TylerE 1055 days ago

Low margins and “will this thing still be around in 2 years” are negatively correlated.

Where’s the capital for upgrades, repairs, and replacements coming from?

littlestymaar 1055 days ago

Using investor's money to build something with low to zero margin until you capture enough value to make it profitable a few years down the line has been the core SV strategy for more than a decade now, so it's not an extraordinary plan.

Of course it doesn't always work, and it may be even harder to make it work in the current macroeconomic environment, but it's still pretty standard play.

aabhay 1055 days ago

They are working on this. All the major clouds have initiatives to do short term requests/reservations. It’s just not a feature that has ever been of much use pre-GenAI. How often do you need to request 1000 CPU nodes for 48 hours in a single zone?

Secondly, there is a fundamental question of resource sharing here. Even with this project by Evan and AI Grant (the second such cluster created by AI Grant btw), the question will arise — if one team has enough money to provision the entire cluster forever, why not do it? What are the exact parameters of fair use? In networking, we have algorithms around bandwidth sharing (TCP Fairness, etc.) that encode sharing mechanisms but they don’t work for these kinds of chunky workloads either.

But over the next few months, AWS and others are working to release queueing services that let you temporarily provision a chunk of compute, probably with upfront payment, and at a high expense (perhaps above the on demand rate).

whimsicalism 1055 days ago

> It’s just not a feature that has ever been of much use pre-GenAI. How often do you need to request 1000 CPU nodes for 48 hours in a single zone?

I would srgue this has always been a common case for cloud GPU compute

beachy 1056 days ago

AWS and Azure would slit their own throats before they created a way for their customers to pool instances to save money.

They want to do that themselves, and keep the customer relationship and the profits, instead of giving them to a middleman or the customer.

jiggawatts 1055 days ago

It’s just corporate profits combined with market forces, not a some sort of malicious conspiracy.

You can rent a 2-socket AMD server with 120 available cores and RDMA for something like 50c to $2 per hour. That’s just barely above the cost of the electricity and cooling!

What do you want, free compute just handed to you out of the goodness of their hearts?

There is incredible demand for high-end GPUs right now, and market prices reflect that.

beachy 1055 days ago

You mentioned malicious conspiracy, not me.
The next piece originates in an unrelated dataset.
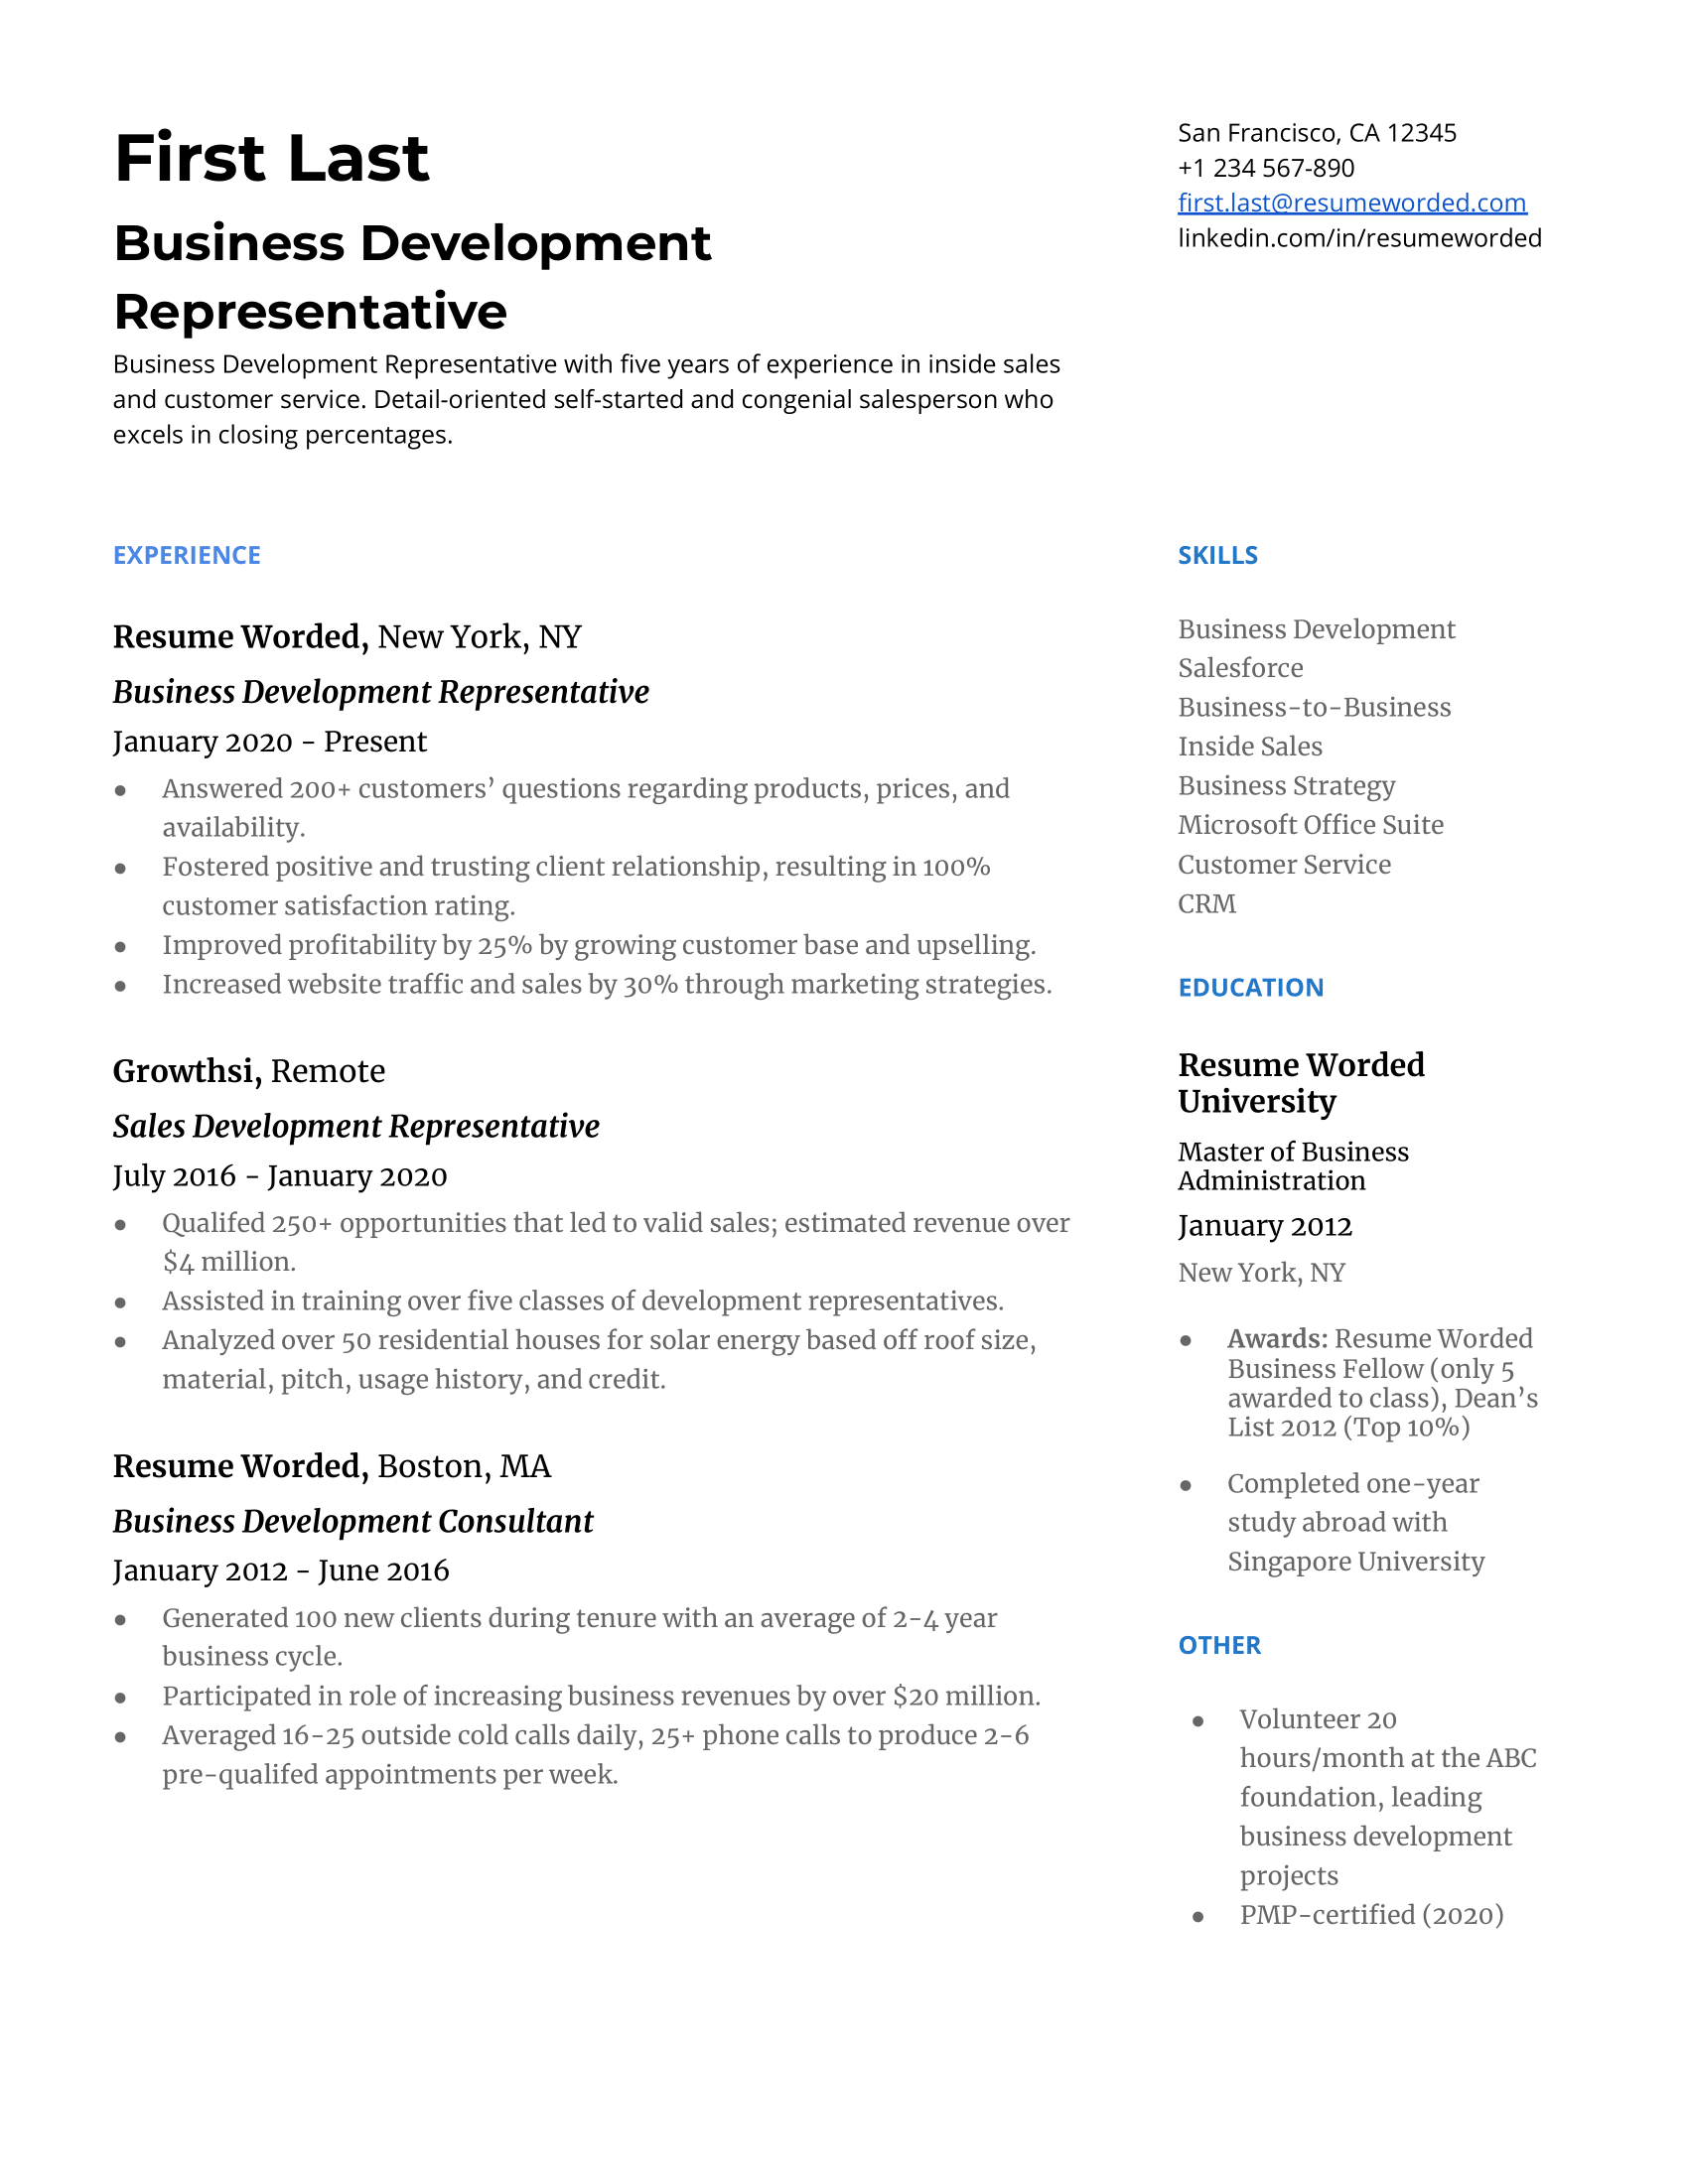 Close-up screenshot of a CV for a Business Development Representative.

It's just business and I'd do the same if I was in charge of AWS.

alex_lav 1055 days ago

> You can rent a 2-socket AMD server with 120 available cores and RDMA for something like 50c to $2 per hour.

Source required

jiggawatts 1054 days ago

https://news.ycombinator.com/item?id=36950422

mikeravkine 1055 days ago

Sorry where are these .50c many core servers you speak of exactly?

jiggawatts 1054 days ago

Azure's HB120rs_v3 size is about 36c per hour right now with Spot pricing in East US. These use 3rd generation AMD EPYC "Milan" processors.

The instances with the 4th generation "Genoa-X" processors (HB176rs_v4) cost about $2.88 per hour. The HX176rs_v4 model with 1.7 TB of memory is $3.46 per hour.

https://learn.microsoft.com/en-us/azure/virtual-machines/hbv...

https://learn.microsoft.com/en-us/azure/virtual-machines/hbv...

https://learn.microsoft.com/en-us/azure/virtual-machines/hx-...

alex_lav 1054 days ago

Are these actually attainable, as in I can log in and launch an instances with these specifications right now, or are they just listings? I ask because literally last week I was unable to launch similar instances on AWS despite those specs being listed as available and online.

jiggawatts 1051 days ago

I could. Availability tends to be region-dependent with all clouds.

megakwood 1055 days ago

Where can you get 120 cores for $2/hr?

jiggawatts 1054 days ago

https://news.ycombinator.com/item?id=36950422

asdfaoeu 1055 days ago

AWS and Azure both charge by the hour anyway so it wouldn't but if you wanted you could use Reserved instances and just have their accounts in the same organisation.

A large part of the profit comes from the upfront risk of buying machines. With this you are just absorbing that risk which may be better if the startup expects to last.